Dengan kata lain negara ini sudah tidak lagi memiliki keteladanan nasional. Moral hazard ini sangat kompleks dan sistemik, dari ujung sampai akarnya seperti perlu lagi pemupukan nasional. Kuncinya adalah perbaikan moral orang perorangnya yang harus segera dibenahi. Yaitu dengan cara penyadaran secara nasional. Tapi bagaimana caranya? Menurut Cak Nur katanya rakyat Indonesia perlu melakukan taubat secara nasional. Tetapi menurut hemat penulis, selain taubat nasional juga para pemimpin negeri ini perlu melakukan pembacaan ulang terhadap kisah-kisah orang besar yang bukan hanya besar namanya, tetapi besar karena kebesaran jiwa dan kebesaran cita-citanya untuk membangun bangsa. Kepemimpinan rakyat yang selalu menitik beratkan kepada kemaslahatan bersama dan tanpa mengedepankan egonya masing-masing inilah yang kiranya belum tampak dari perjalanan era reformasi ini.

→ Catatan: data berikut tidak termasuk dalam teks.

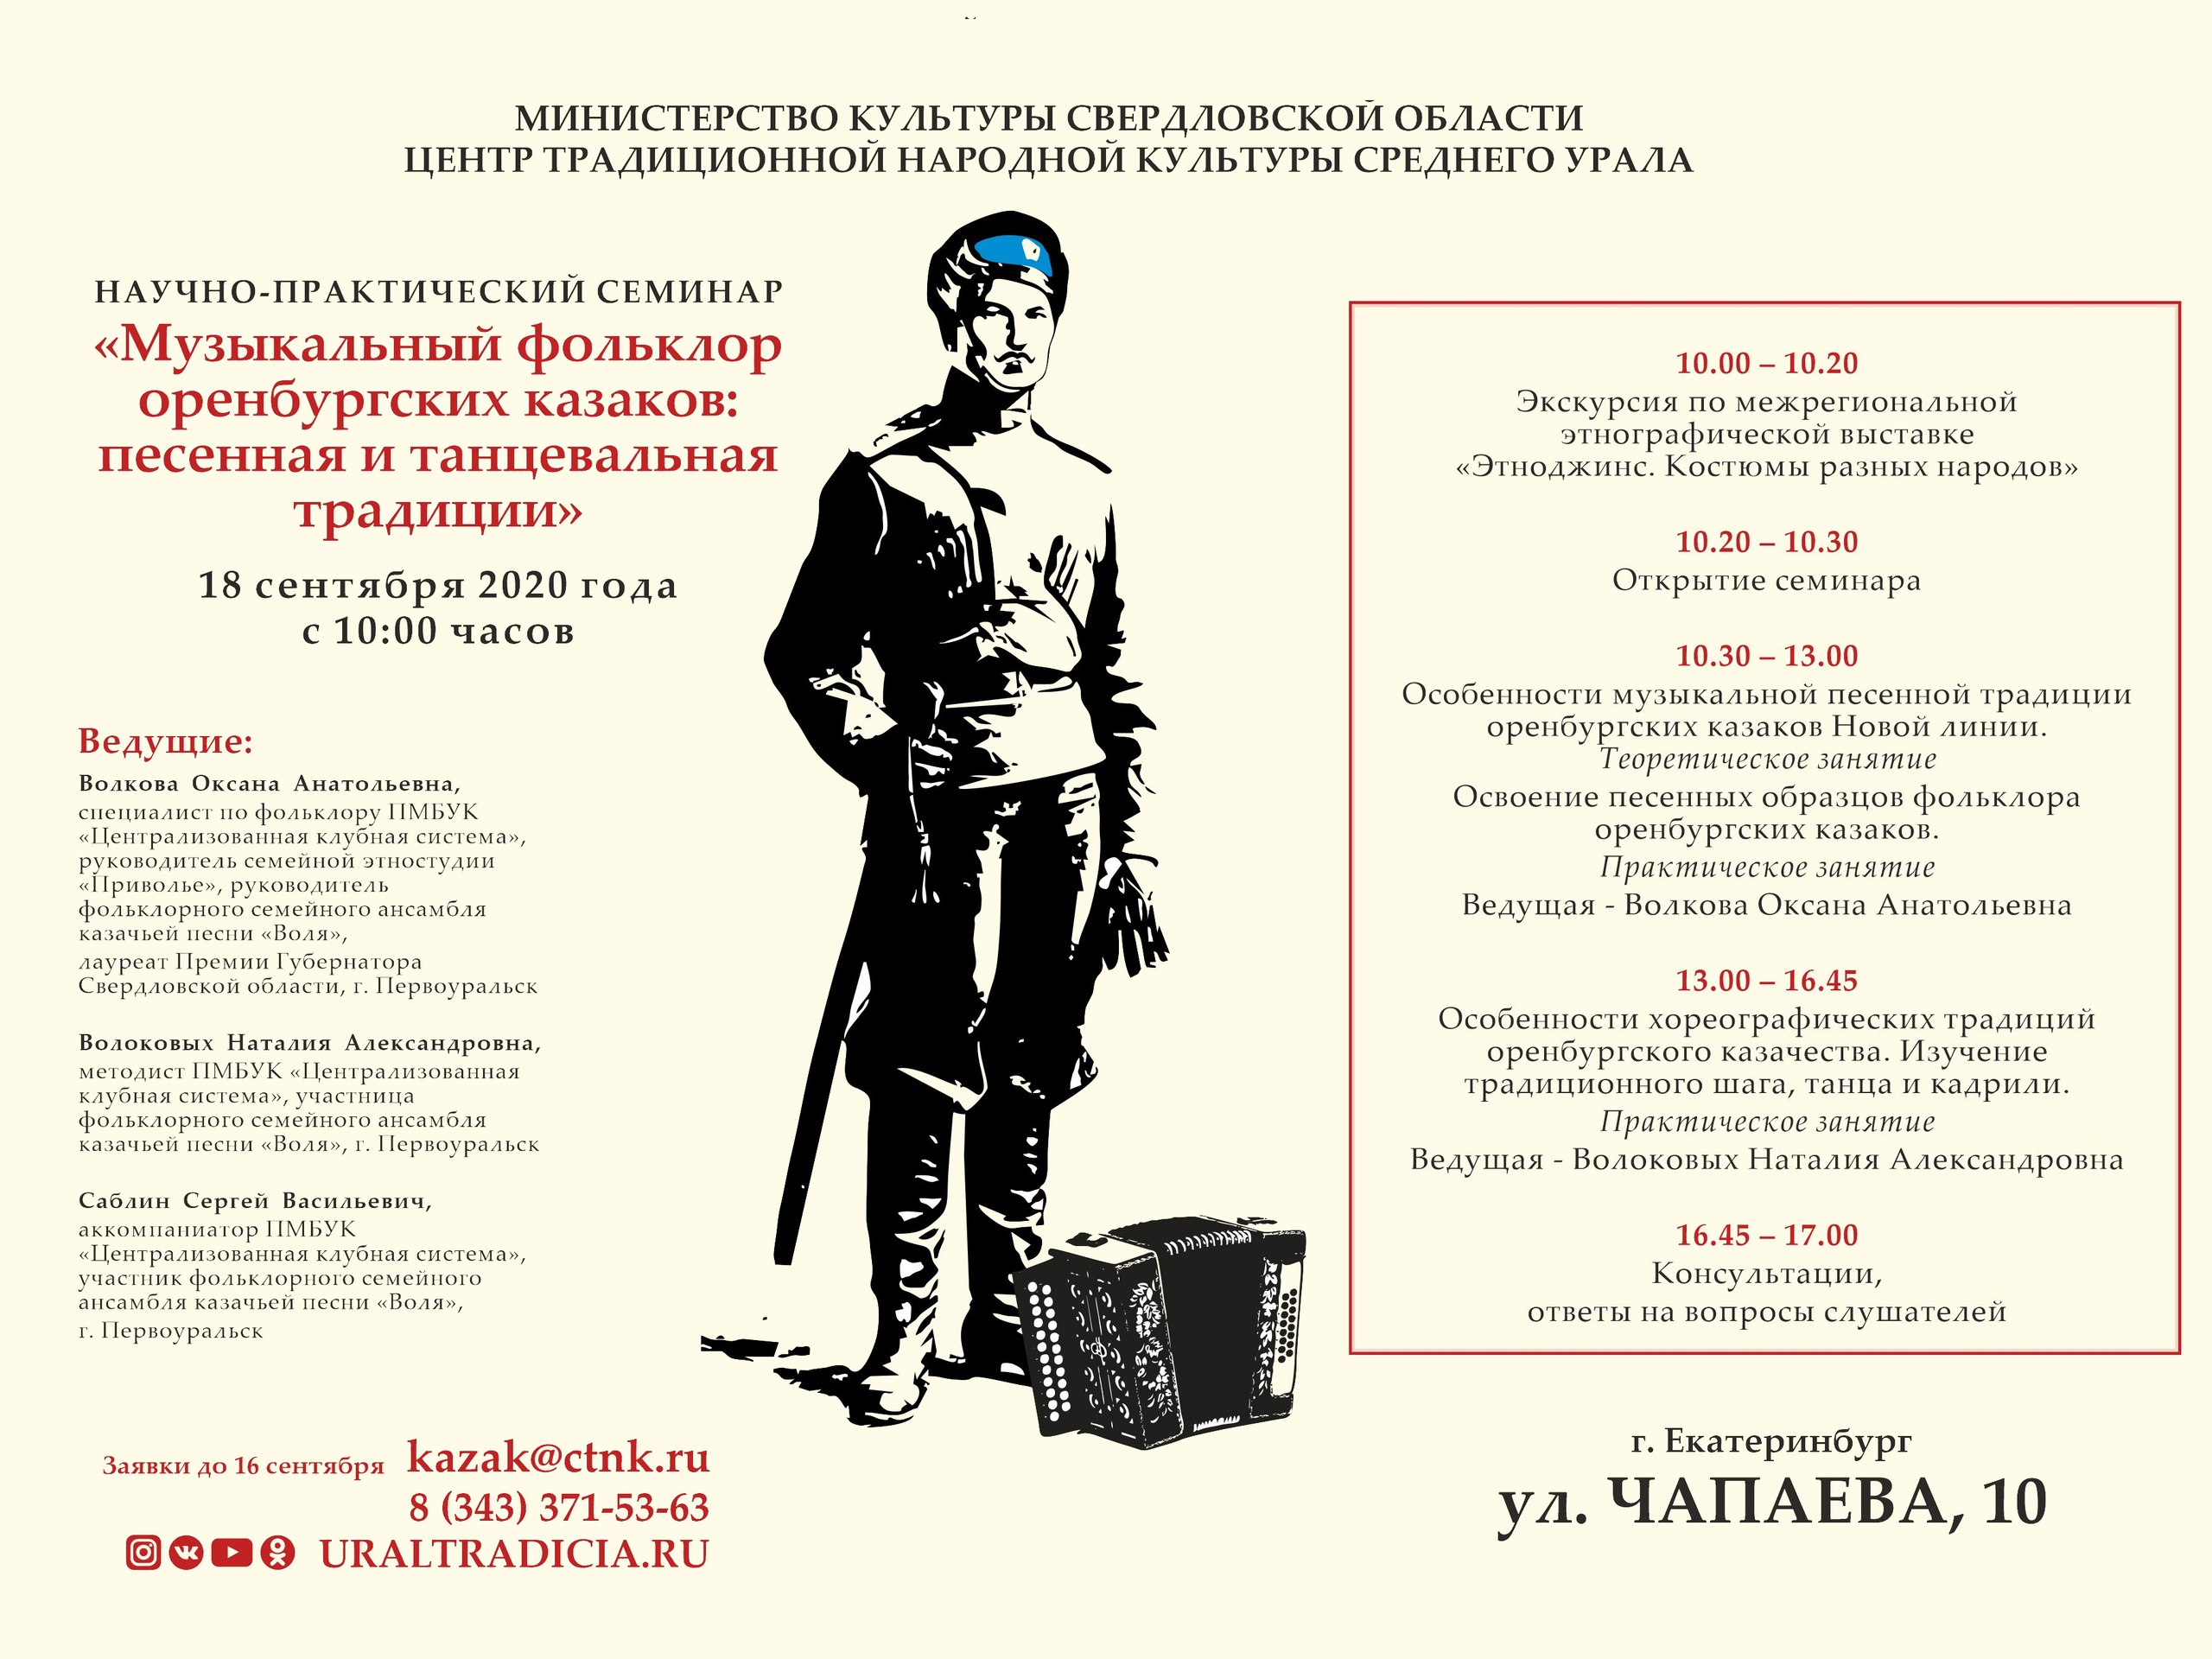 Приглашаем на семинар «Музыкальный фольклор оренбургских казаков: песенная и танцевальная традиции»

Kepemimpinan rakyat yang seperti demikian itu tidaklah mustahil keberadaannya di Indonesia. Kepemimpinan rakyat yang demikian itu sebenarnya bisa kita lihat dari seorang sosok yang bernama Haji Agus Salim.
Haji Agus Salim dilahirkan pada tanggal 8 Oktober 1884 di kota Gedang Bukit Tinggi. Ia adalah anak keempat dari Sutan Moehamad Salim, seorang jaksa pada sebuah pengadilan negeri. Pada saat masa-masa sekolahnya (sampai tingkat HBS) ia termasuk kepada anak yang pandai. Setelah itu ia bekerja pada konsulat Belanda di Jedah dari tahun 1906-1911. Masa-masa sekolah dan bekerja di lingkungan Belanda inilah yang ia sebut sebagai jalan yang berlumpur.

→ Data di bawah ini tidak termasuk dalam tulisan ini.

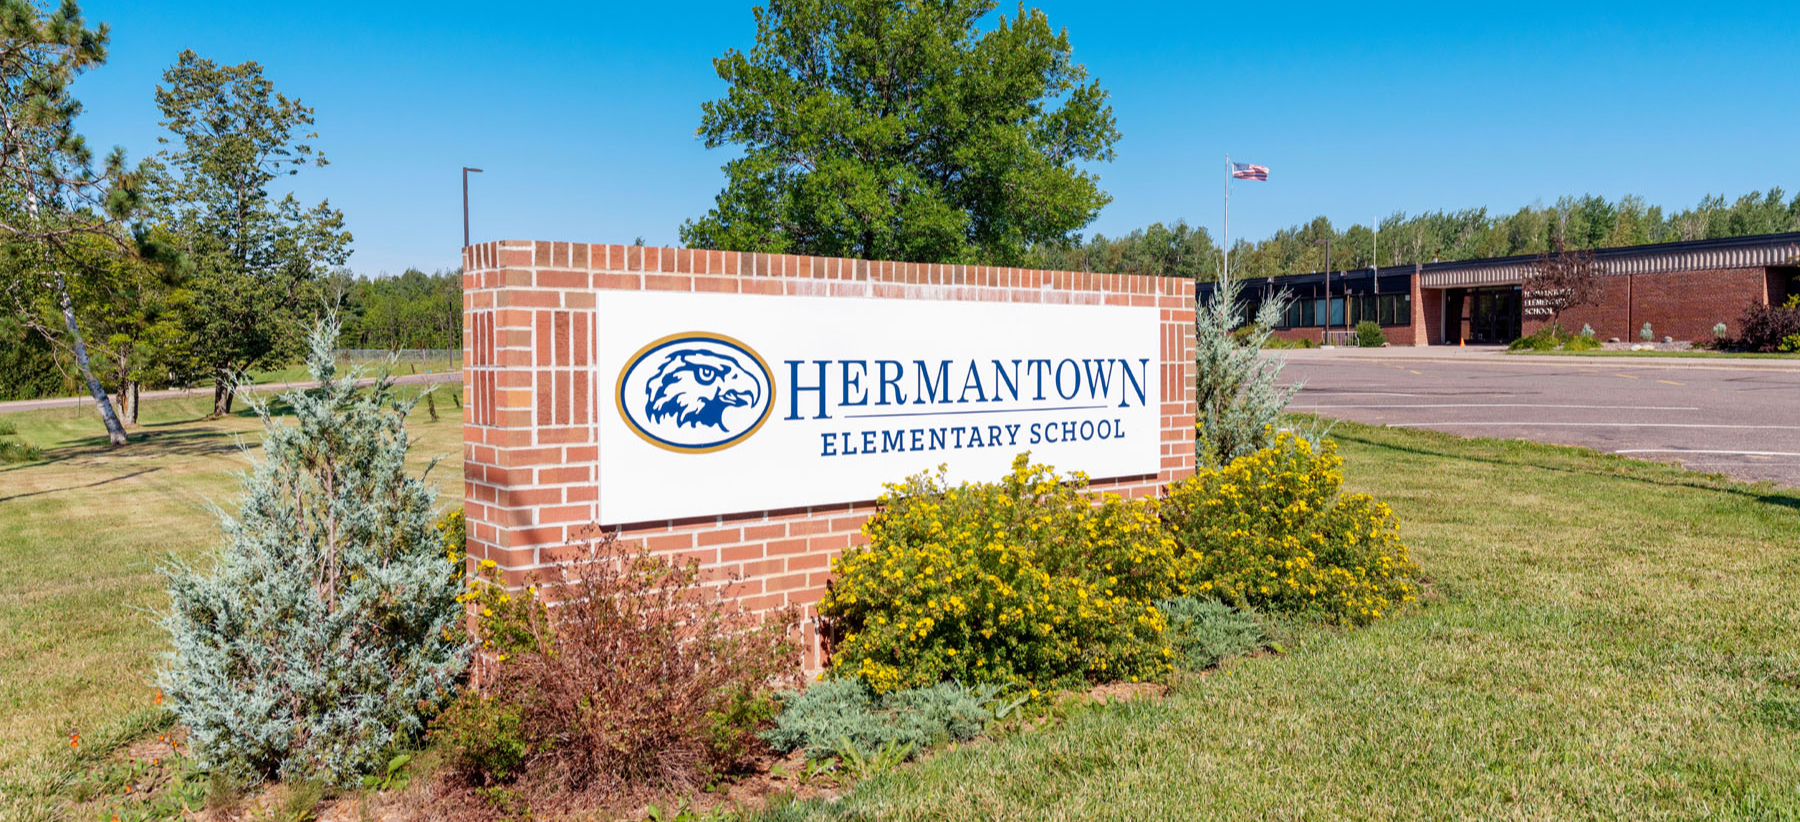 Hermantown Elementary

Semasa hidupnya ia pernah menjadi menteri luar negeri pada kabinet Sjahrir II, kabinet Sjahrir III dan kabinet Amir Syarifudin. Iapun adalah salah seorang yang berjasa dalam permintaan dukungan dari negara timur tengah (dalam hal ini adalah Mesir) sebagai negara pertama yang mengakui kemerdekaan Indonesia.
Semasa mudanyapun ia adalah seorang yang sangat aktif pada partai Sarekat Islam. Ia merupakan dwitunggal yang dipasangkan dengan Tjokroaminoto.

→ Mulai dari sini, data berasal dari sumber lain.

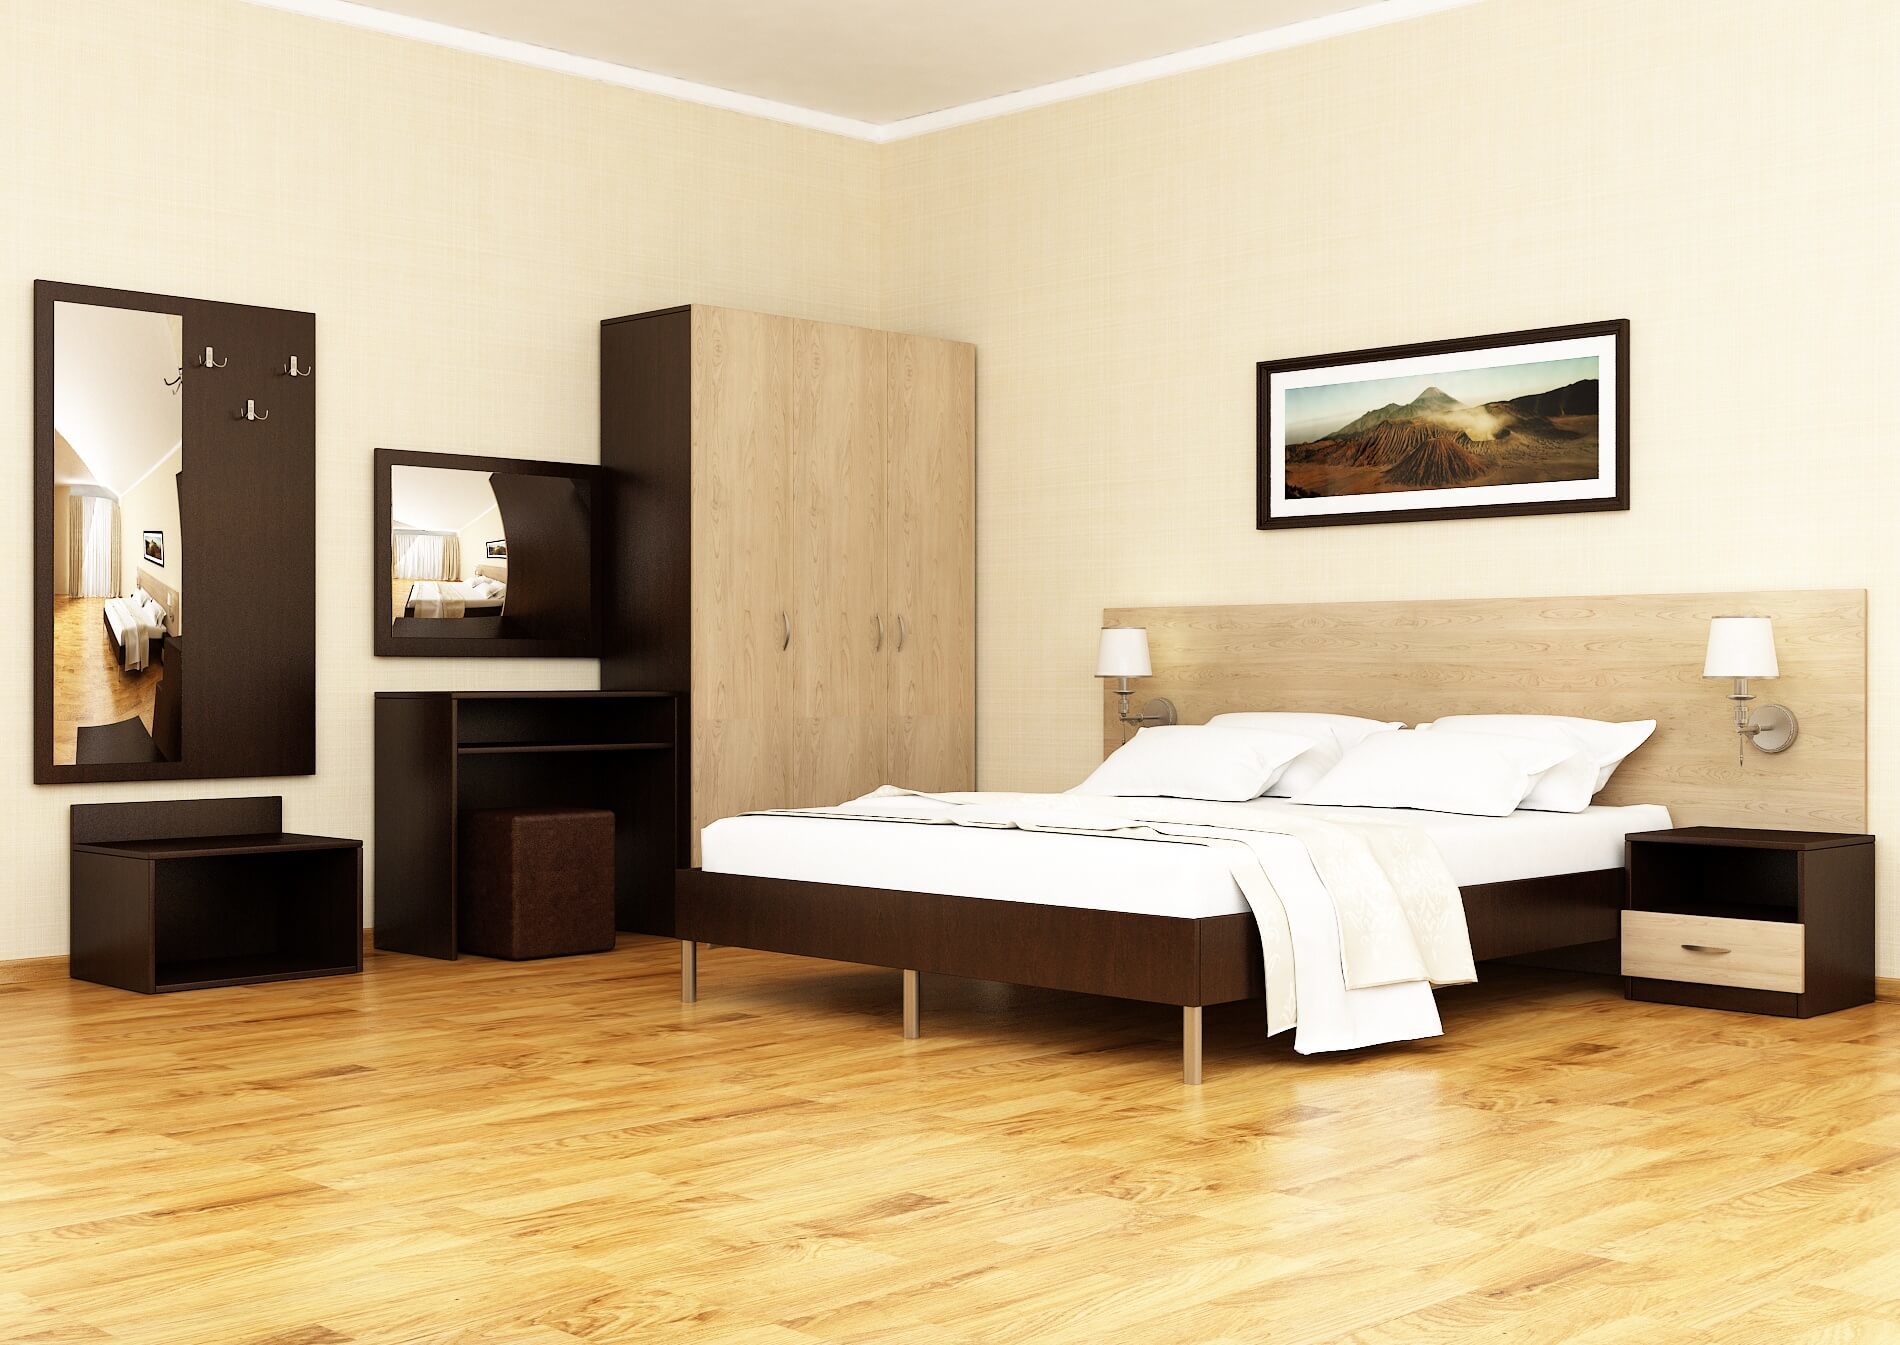 мебель для гостиниц и отелей от производителя краснодарский край

Banyaknya jasa yang ia keluarkan untuk Indonesia dan tingginya jabatan yang pernah ia pikul tidak pernah mendorongnya untuk berhenti hidup secara sederhana. Sehingga tokoh termashur yang pandai menguasai sembilan bahasa ini tercatat sebagai tokoh yang semasa hidupnya belum pernah memiliki rumah pribadi.
Penulis yakin bahwa mudah saja sebenarnya untuk Haji Agus Salim jika ia ingin hidup bermegah-megahan. Tetapi hebatnya Haji Agus Salim adalah ia tidak memilih jalan yang demikian. Ia memilih sebagai pemimpin rakyat yang namanya harum dan abadi. Ia memilih untuk menjadi pemimpin rakyat bukan hanya untuk rakyat pada zamannya, tetapi ia memilih untuk menjadi pemimpin rakyat selama negara Indonesia ini berdiri.
Seandainya penulis bisa berbicara melalui lorong waktu kepada Haji Agus Salim. Penulis akan mengucapkan terima kasih kepada beliau atas pilihannya untuk hidup sederhana sehingga jikapun ada anak bangsa yang memilih jalan hidupnya seperti Haji Agus Salim, tentulah ia tidak akan merasakan hal yang lebih ringan jika dibandingkan dengan cara hidup Haji Agus Salim.
 Di penghujung tulisan ini sempat terpikir oleh penulis bahwa seandainya para pemimpin kita hari ini mulai dari tingkat atas hingga tingkat bawah semuanya memilih hidup seperti Haji Agus Salim, bahwa memimpin berarti menderita maka cita-cita reformasi ini akan segera tercapai. Tapi pertanyaannya apakah ada pemimpin kita hari ini yang mau benar-benar menderita untuk rakyatnya dan tidak mencari keistimewaan di dalam jabatannya?